Mint tea. That is all you need to know when asking for a drink in Morocco. Okay maybe not but I love mint tea and Moroccan mint tea is divine. With your mint tea you’re going to need some traditional Moroccan food including tagine and couscous. The Jemaa el-Fnaa is a great place to try local dishes and to experience Moroccan flavors with its many food stands and restaurants.
The generosity of Moroccans is clear. Our hosts mother decided that she would cook traditional couscous with mint tea and other Moroccan sides because she wanted us to experience authentic Moroccan cooking. Eating at a table in Morocco is a little different from the States. We sat on the floor on some cushions and the table was pretty low. Everybody shared what was on the table, a communal experience.
We were also brought to the Menara Gardens, located near the airport. They offer great views of the Atlas mountains on a clear day but to me it felt more like a pavilion with a square of water in the middle. There was a legend that this is where a Sultan drowned some guests he had over but who knows if that is true. I didn’t find it too exciting but there were some highlights like olive trees, and historic buildings.
We then went to the souks and believe me, you need to draw some cash before you enter. Preferably get smaller denominations at a bank so you can barter properly with the shop owners. And you will need to barter and do it properly. The first price they offer is usually too high and you’re expected to counter offer with a lower bid. You’ll meet in the middle with them.
I ended up getting a camel bag, scarves, tea sets and Moroccan glassware. It was a lot when I think about it but I believe I got a great deal on all of them; partly because I knew some French and I also because I wasn’t willing to take anything that was deemed too high. The souks sale all types of foods, spices, lots of tacky crap but also lots of authentic Moroccan things that you would never find anywhere else. Go in and take a lap before you commit in buying anything.

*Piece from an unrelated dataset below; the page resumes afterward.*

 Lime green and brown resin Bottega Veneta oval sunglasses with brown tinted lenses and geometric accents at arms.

They will try to get you to buy anything. It’s polite to say no and keep walking or just the usual “just looking.” They won’t back down so you just keep moving along until something spots your eyes. They will also invite you into their stores but sometimes it’s not a good idea since they will try to keep you there as long as possible. It’s all part of the experience so there is no need to become flustered. Men usually get a better deal (sorry ladies) but that is just how the society operates.
Our group also experienced doing non touristy things like talking to a Moroccan classroom. I happened to be chosen to talk about dating rituals back in the States. Openly gay when I wondered what I would say if they asked me about my dating life back in the States. They actually did and I answered that I was gay, which some of them knew, and they didn’t respond horribly at all.

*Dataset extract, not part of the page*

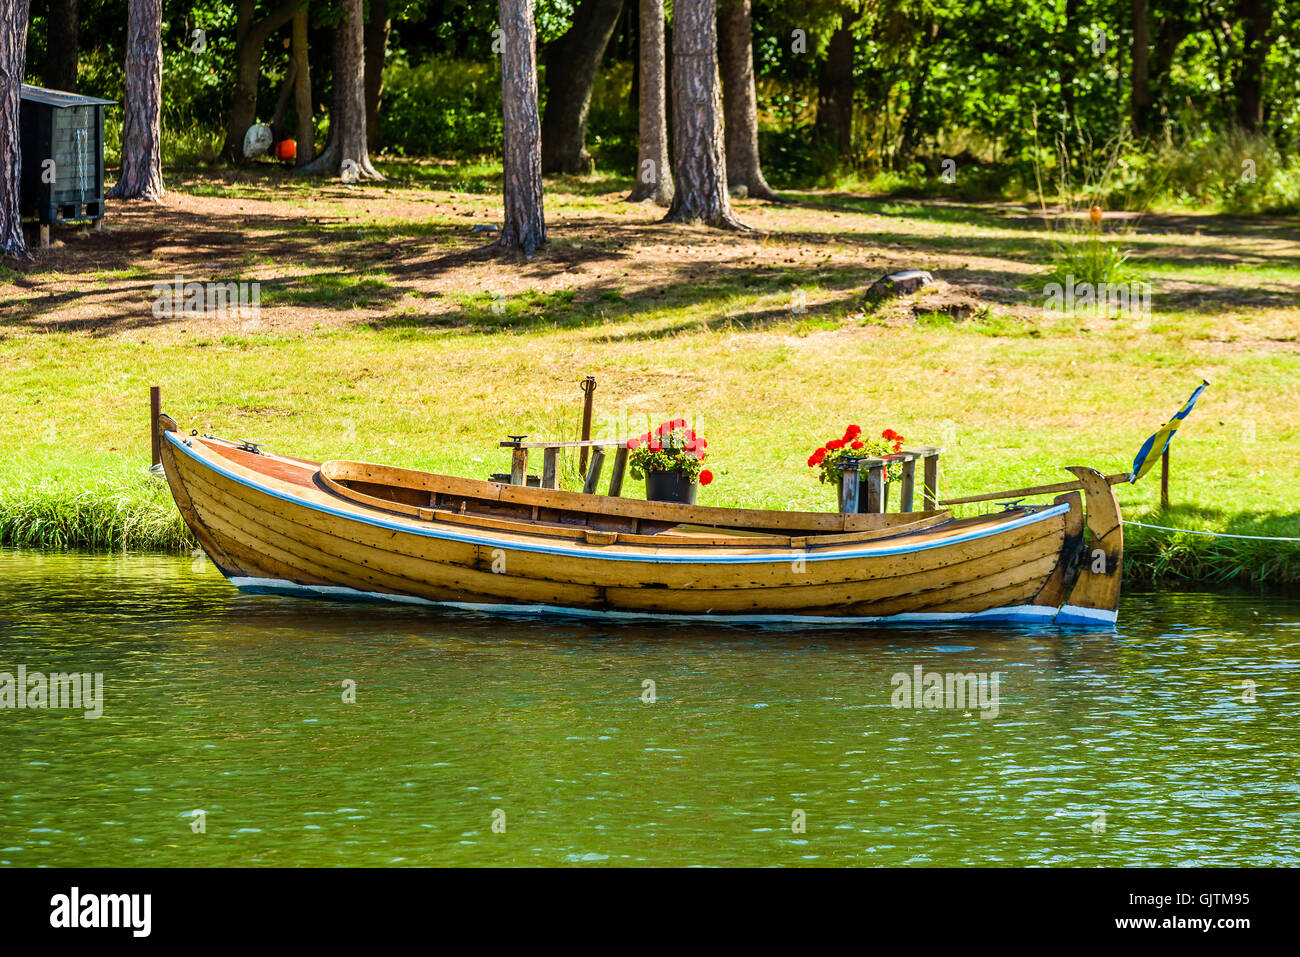 Old wooden motorboat moored by the shore with pine trees and grass in the background. Stock Photo

Perhaps some were surprised and I was surprised that they were even asking the question but most took it well. Morocco is a socially liberal for being a Muslim country but it’s sad to say that the majority don’t support gays and gay acts are still an offense. However I have heard that there is a visible gay minority in Marrakesh but they tread carefully. Morocco is somewhat hypocritical because the youth still date and break other Islāmic laws, yet homosexuality is deemed too sinful.

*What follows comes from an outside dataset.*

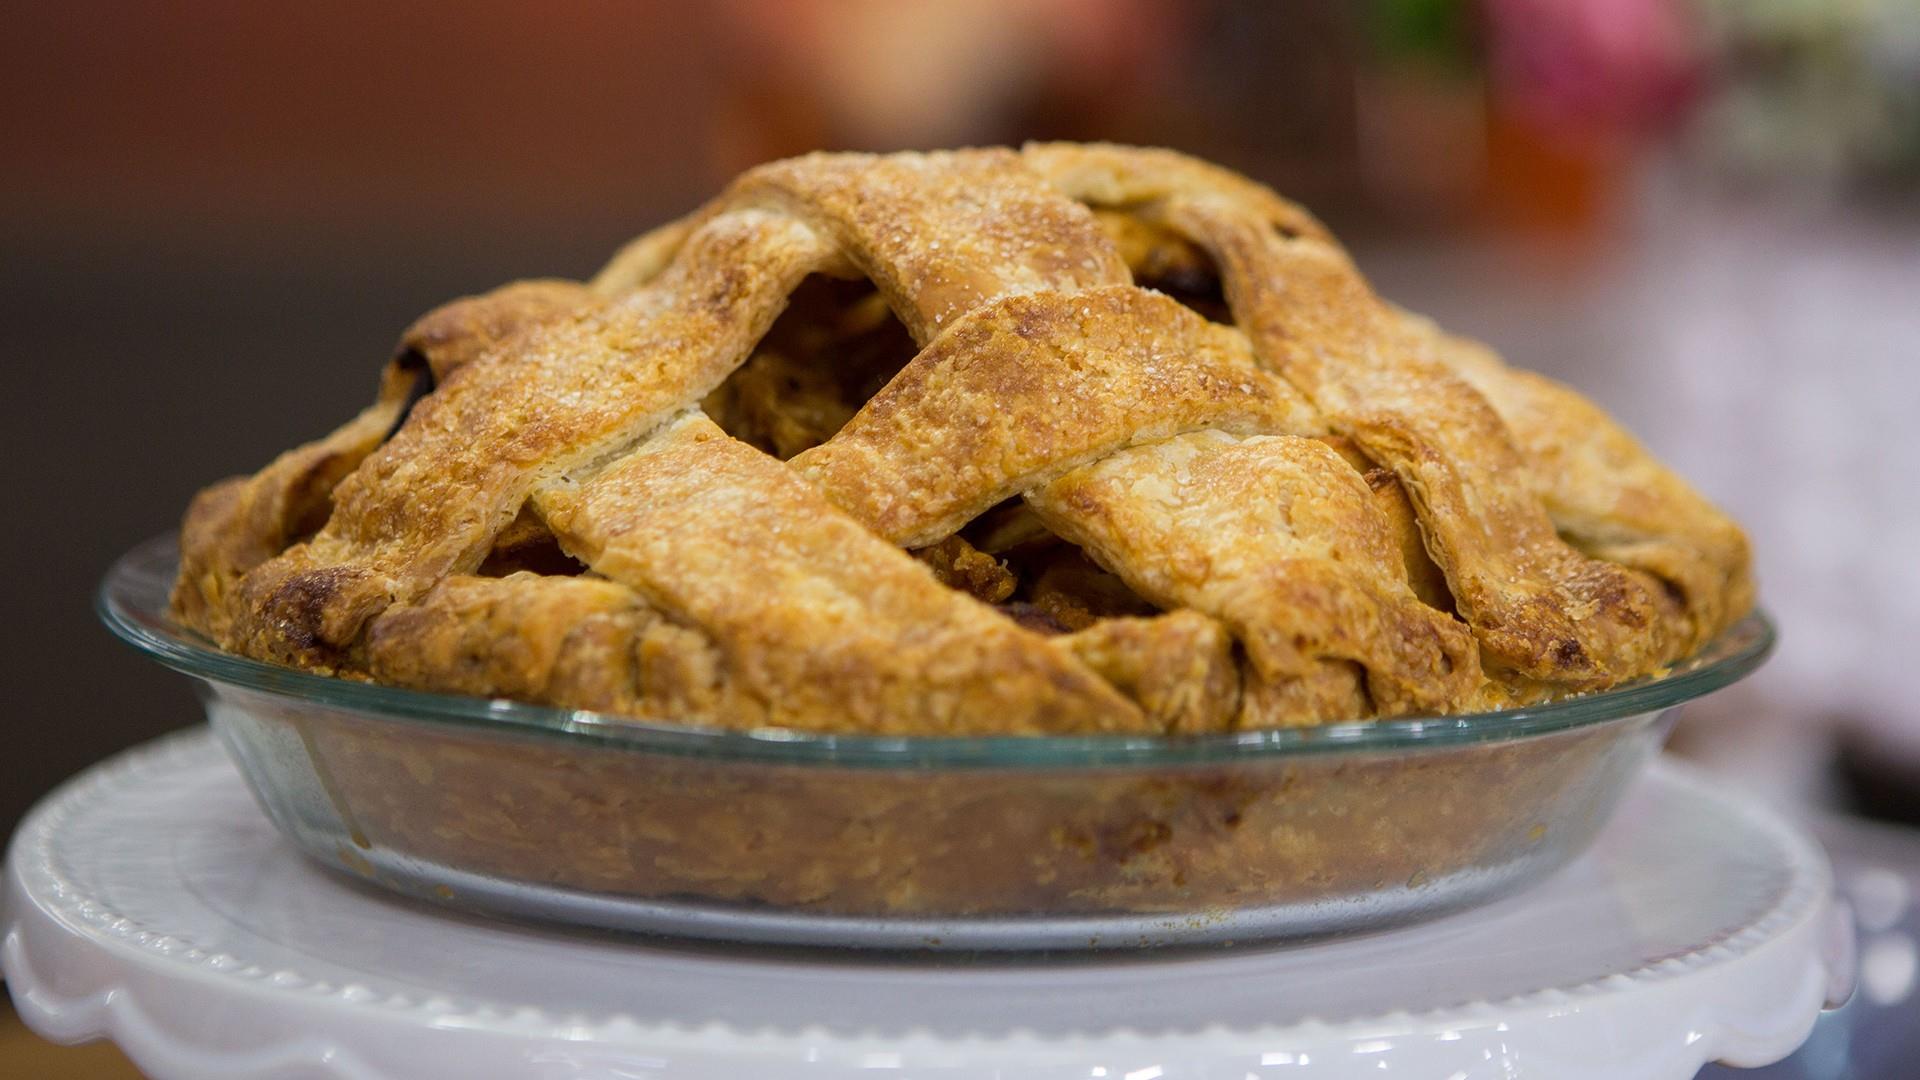 Restaurant Chains Offer Deals To Celebrate National Pi Day

However, Morocco is a great travel destination that has just the right amount of exotic allure with the pleasantries of the western world. Its unexpected yet expected all at the same time. The people speak both Arabic and French, they are somewhat sexist and pushy yet one of the most liberal Muslim countries. The colors of Morocco are stunning which is reason enough to pack your backs. If you’re hesitating about traveling to Morocco, don’t. It’s a truly remarkable place and I can’t wait to discover more of its cities.